HOW TO COMPLETE THIS TASK:
Output the listing word for word, minus images.

COLLECTED MATERIAL:
====

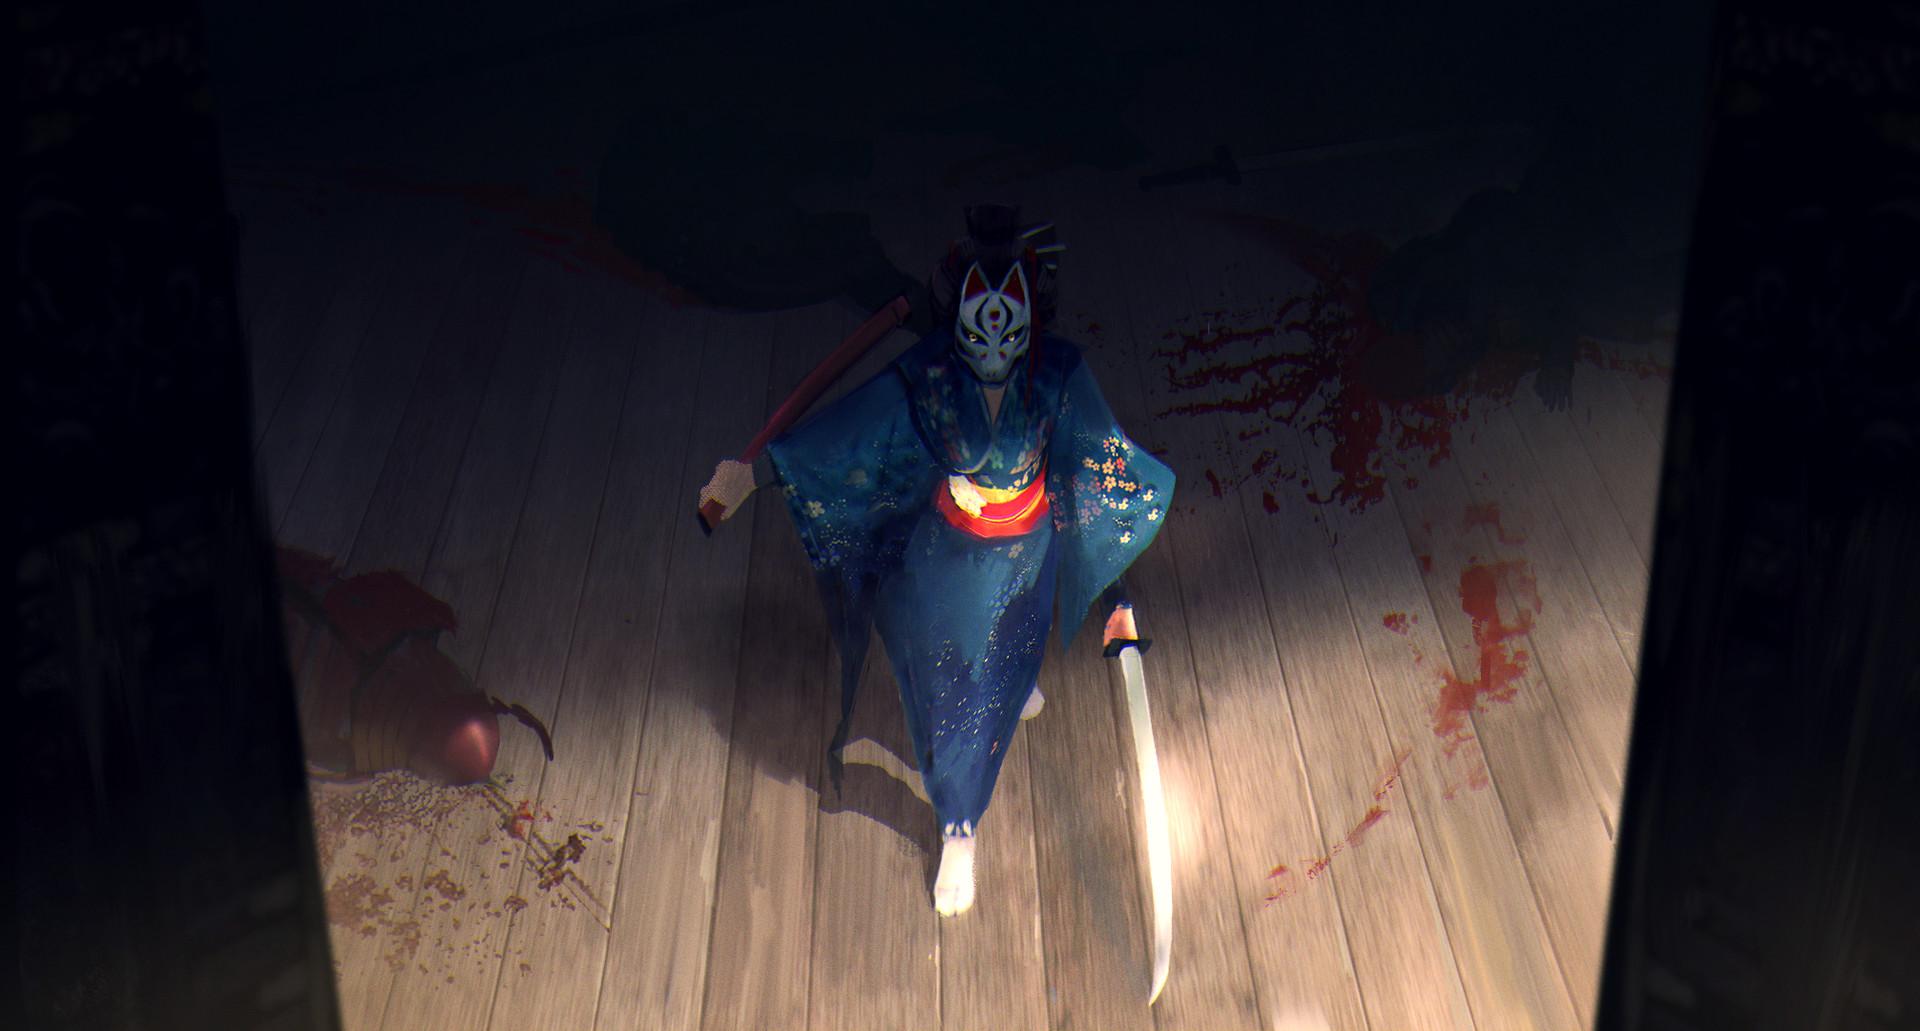 General 1920x1031 Japan fantasy art samurai armor weapon katana blood mask kimono Sangyeop Park high angle
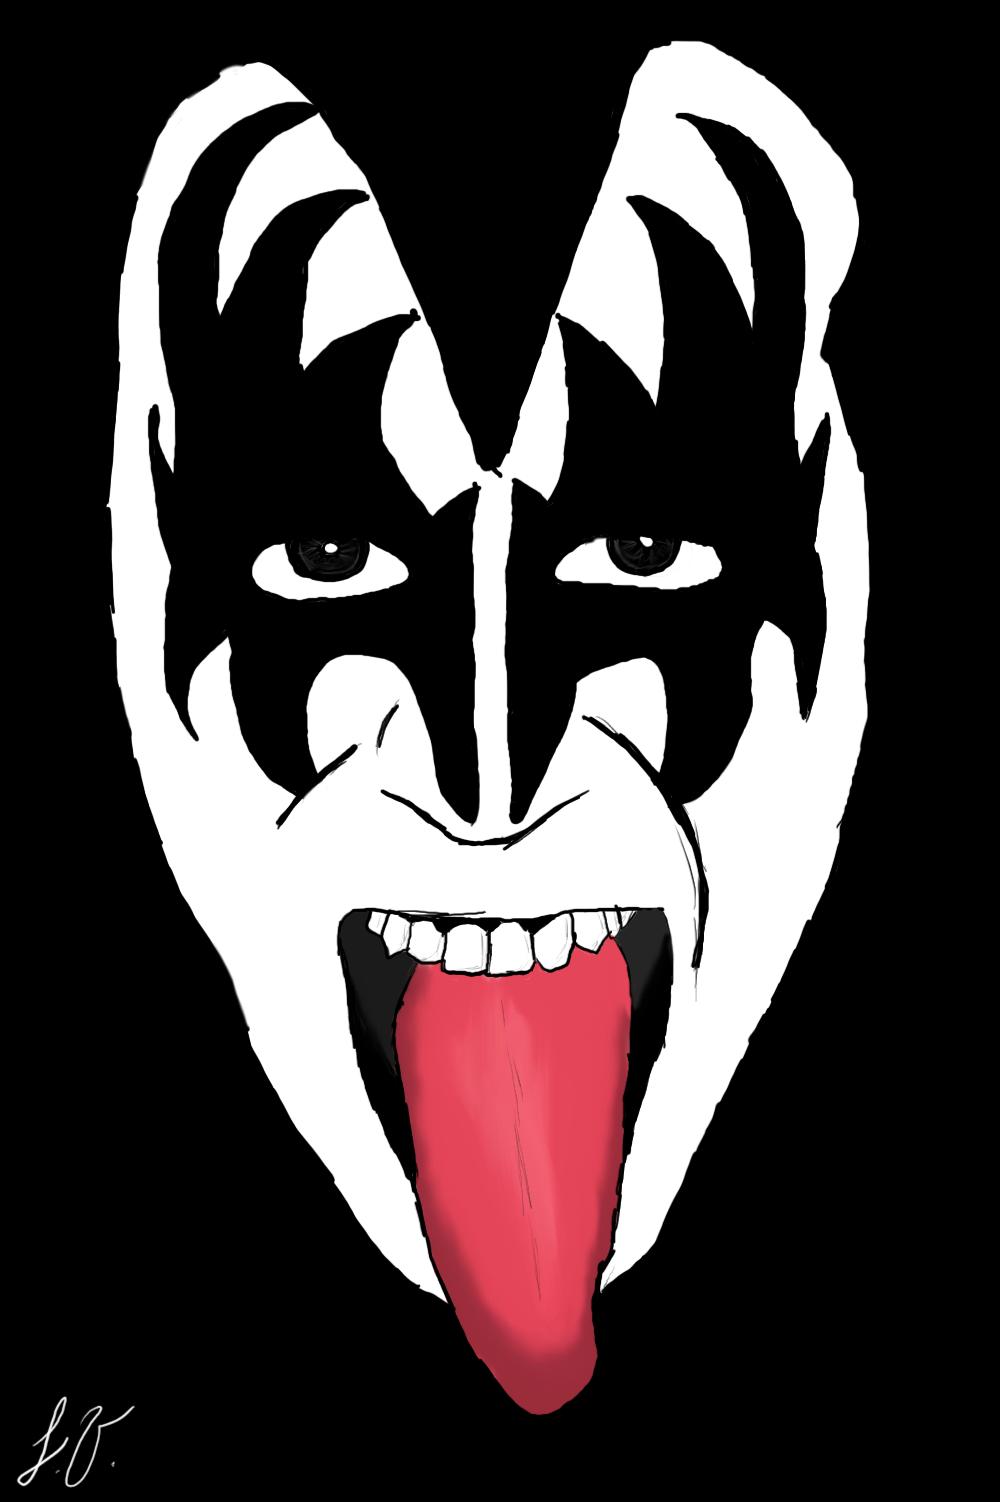 Gene Simmons By Johnnydavila On Deviantart
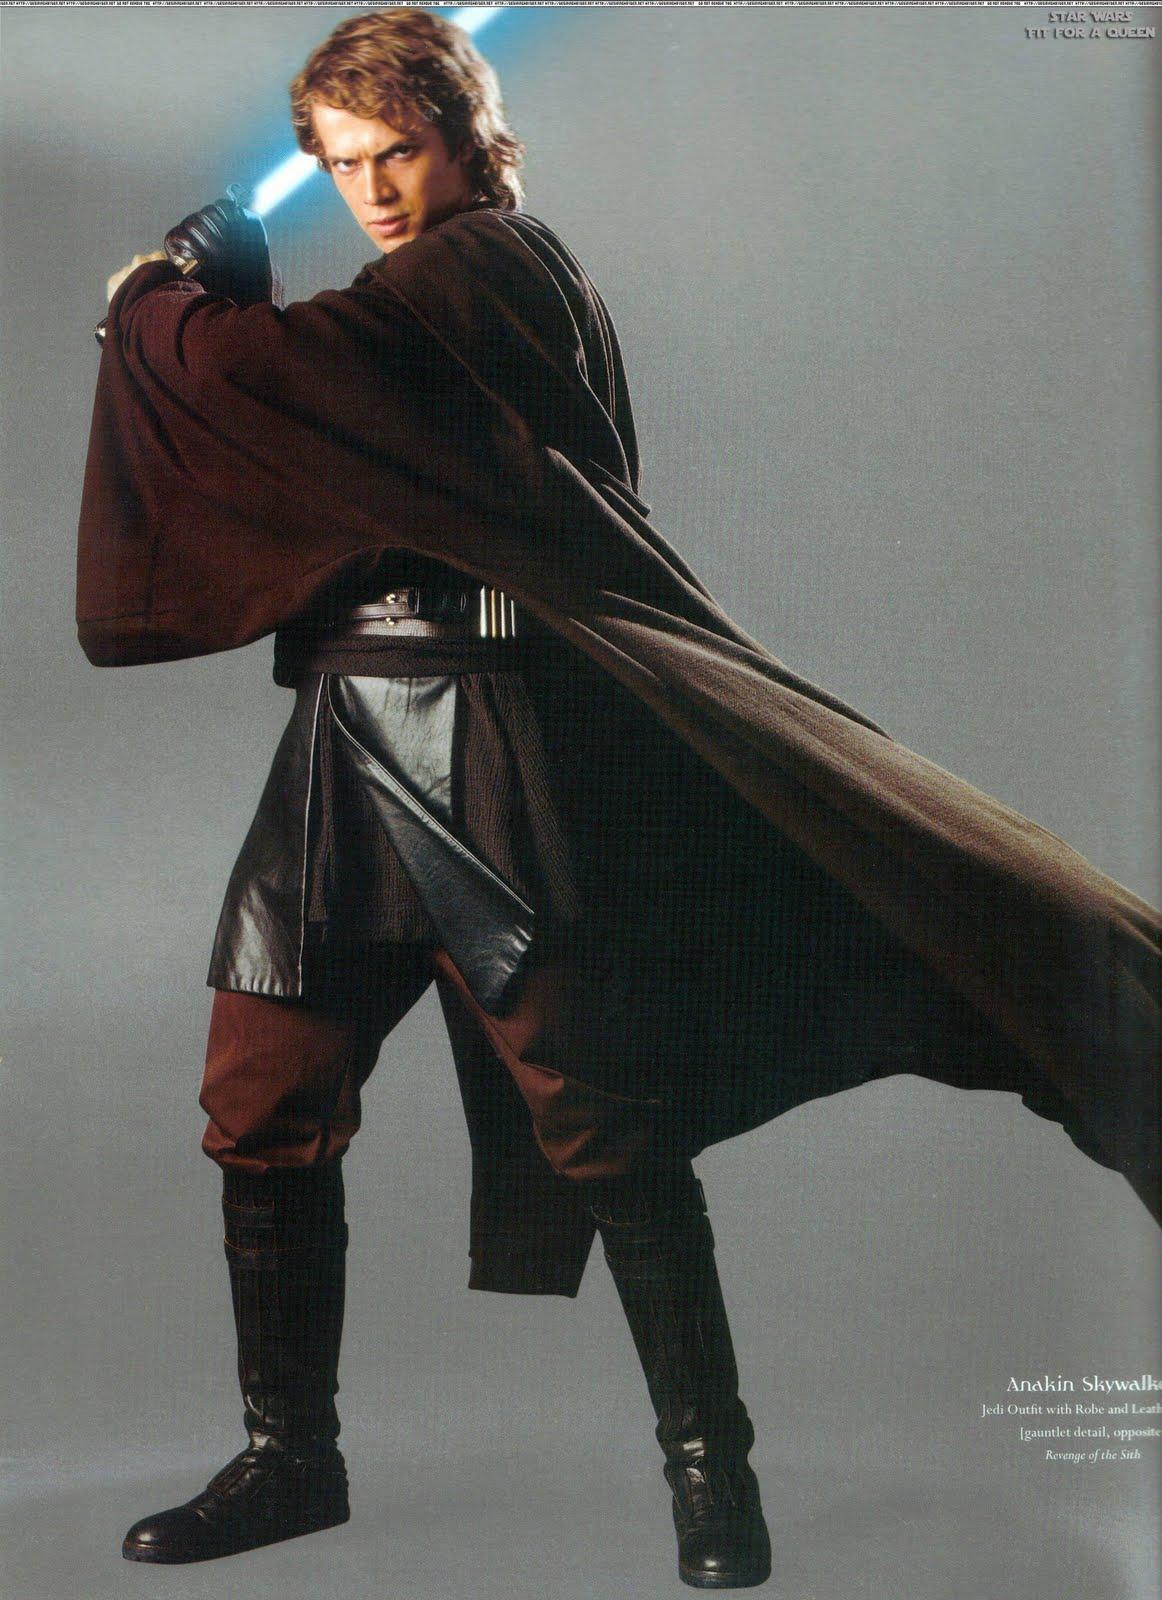 49+ Star Wars Wallpaper Anakin on WallpaperSafari
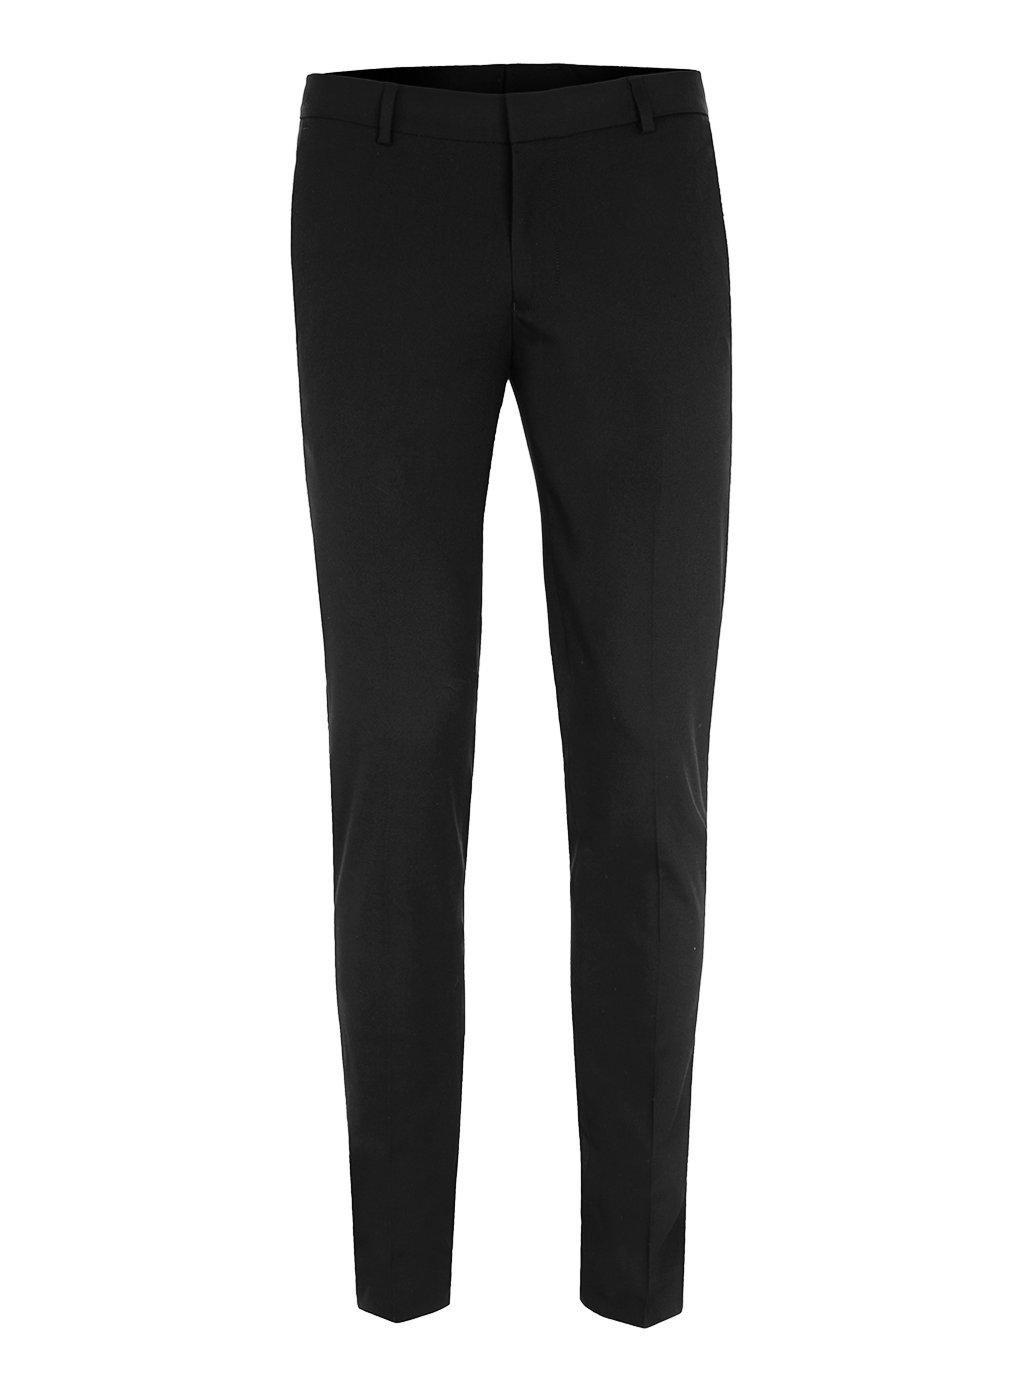 Black Ultra Skinny Fit Dress Pants

====

TASK SOLUTION:
 General 1920x1031 Japan fantasy art samurai armor weapon katana blood mask kimono Sangyeop Park high angle
 Gene Simmons By Johnnydavila On Deviantart
 49+ Star Wars Wallpaper Anakin on WallpaperSafari
 Black Ultra Skinny Fit Dress Pants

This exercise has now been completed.